田舎教師ときどき都会教師

テーマは「小学校教員の働き方と生き方」&「本、旅、人」

たった一度の人生、話しかけない手はない

 単純なことだが、私は今でも、バスや列車、そしてローカル線の飛行機などで隣の席に座っている人に必ず話しかけるようにしている。航空機などの座席で誰と隣り合うかは自分で決められない。言い換えれば、自分の人脈を越えた未知の人がそこにいるのである。話しかけない手はない。

大前研一『旅の極意、人生の極意』講談社、2006)

 

 午後、墓参りの後に、旅仲間のTさんの個展に足を運びました。SNS経由で「ジョージアトビリシの友人のところに居候中です」という連絡をもらって、相変わらずだなぁと思ったのが1年前。前回の個展は3年前だったので、久し振りの再会です。

 

 話しかけない手はない。

 

 インドのカルカッタで画家のTさんと知り合ったのは20年前。サダルストリート(安宿街)にあるゲストハウスのドミトリー(16人部屋)で、Tさんが声をかけてくれました。

 

 Tさん「飯、もう食べた?」
 わたし「あっ、まだです!」

 

f:id:CountryTeacher:20190814105625j:plain

Tさんと出会ったゲストハウス

 夕飯を一緒に食べた後に、ゲストハウスの吹きさらしの屋上でおもしろい話をたっぷりと聞かせてもらってから、ほろ酔い加減で就寝。
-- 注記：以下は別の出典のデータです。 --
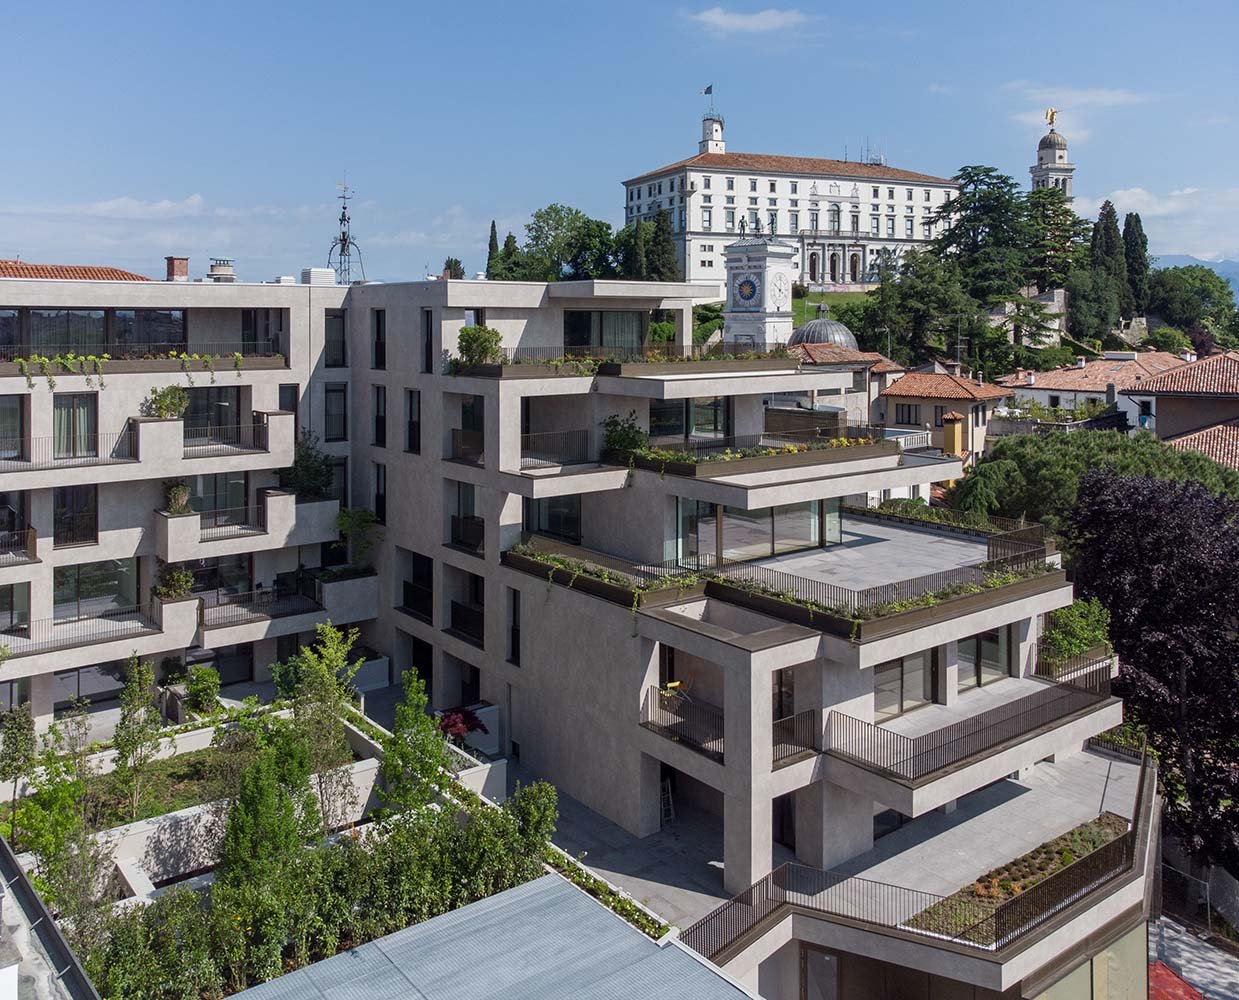 Palazzo Eden, an urban regeneration in Udine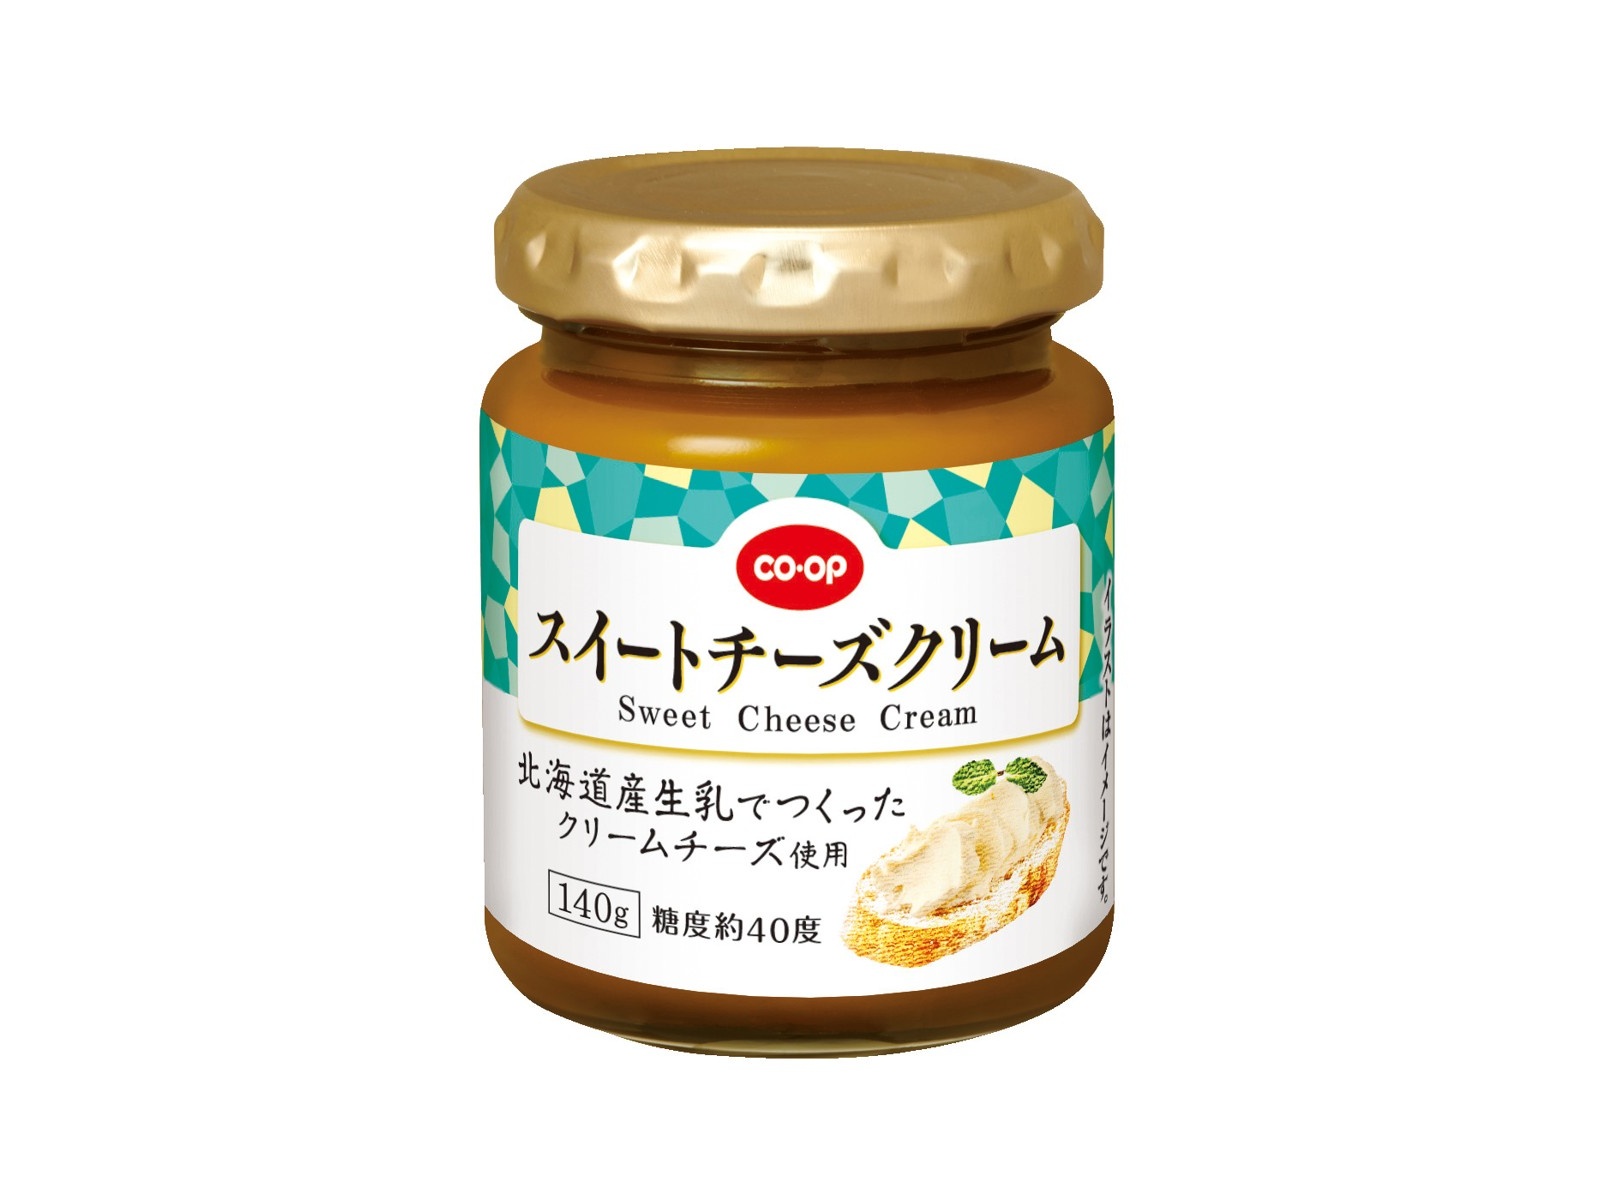 CO・OP スイートチーズクリーム 140g| コープこうべネット

翌朝、「帰国は半年後くらいかな。個展には女の子を誘って来るように。会場が華やぐから」と言って旅立っていったTさん。

 

 若い頃は北欧で皿洗いをしたり、パリのモンマルトルで似顔絵を描いたりして日銭を稼いでいたというTさん。人生の節目を迎えるたびに、そして今なお、外国を転々としながら絵を描き続けているTさん。就職祝いにガンジス川の絵を贈ってくれたり、世田谷のアトリエ兼ゲストハウスに招待してくれたり。あれから20年。

 

 わたしはパパに。
 Tさんはジジに。

 

f:id:CountryTeacher:20190823120332j:plain

一枚一枚の絵に、旅先でのエピソードを添えて

 

 今回、個展の会場に着くなり「田舎教師くん、オレ80になっちゃったよ」と笑顔でTさん。年齢のことは知らなかったので、びっくり。と同時に、何だか胸がいっぱいに。Tさんの笑顔が、あの頃と同じだったからでしょうか。 

 

 不審者云々の問題があって、(特に都会の)子どもたちにはなかなか伝えにくいことですが、

 

 たった一度の人生、ほんと、話しかけない手はありません。